I guess the end time was 1pm. I got there at 145 after almost two hour drive and i was so disappointed. how was the show? I was a little disappointed with the gibraltar staff in that when i asked questions inside the office they indicated that the club had gone and that was it, but then a security guard was rude about my questions. lol so what did i miss????"

joe


----------



## Charis (Feb 11, 2007)

KO Loft said:


> I guess the end time was 1pm. I got there at 145 after almost two hour drive and i was so disappointed. how was the show? I was a little disappointed with the gibraltar staff in that when i asked questions inside the office they indicated that the club had gone and that was it, but then a security guard was rude about my questions. lol so what did i miss????"
> 
> joe


What a shame.


----------



## Lovebirds (Sep 6, 2002)

KO Loft said:


> I guess the end time was 1pm. I got there at 145 after almost two hour drive and i was so disappointed. how was the show? I was a little disappointed with the gibraltar staff in that when i asked questions inside the office they indicated that the club had gone and that was it, but then a security guard was rude about my questions. lol so what did i miss????"
> 
> joe


Well, that stinks!! Sorry you missed the show. Wish we had more shows around here.


----------



## TheSnipes (Apr 9, 2007)

KO Loft said:


> I guess the end time was 1pm. I got there at 145 after almost two hour drive and i was so disappointed. how was the show? I was a little disappointed with the gibraltar staff in that when i asked questions inside the office they indicated that the club had gone and that was it, but then a security guard was rude about my questions. lol so what did i miss????"
> 
> joe


Bummer, Joe!  I mentioned in an earlier post that I had read 10-1 in a different announcement, so if possible I meant to go early in case they had printed something wrong. I couldn't got there till 11, and they had already sold the raffle tickets and were giving away the prizes! So I missed out on that.  It was cold being outside, odd time of year to hold an outdoor event but I guess they figure we're all winterized by now. (I'm not!)
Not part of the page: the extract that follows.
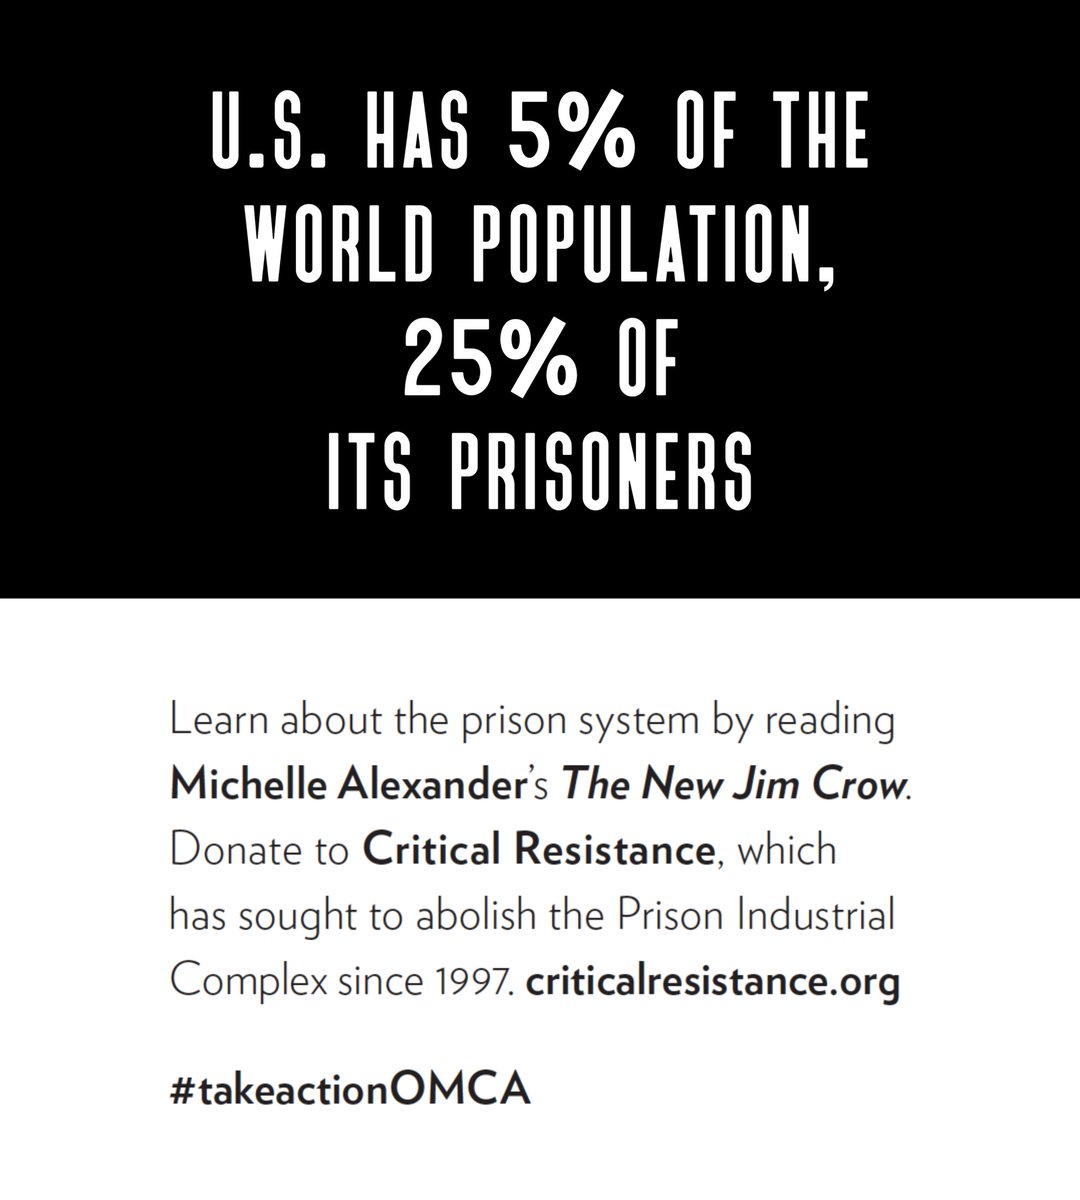 U.S. HAS 5% OF THE WORLD POPULATION, 25% OF ITS PRISONERS

If you were in the market for some birds you *might* have gotten lucky. I saw tipplers, rollers, a few tumblers, and a good number of helmets for sale ($5-$10). Only a couple homers, but who knows if they may have been sold already even when I got there. There was not a lot going on to tell the truth. If you're going to the Fremont show in January it is much bigger (and won't be closed when you get there!) 

Anyway I didn't buy any birds as want to have space available for new birds from the two shows in Jan. There will be lots more to choose from there.


----------



## KO Loft (Jul 1, 2007)

*fremont show*

where is this show


----------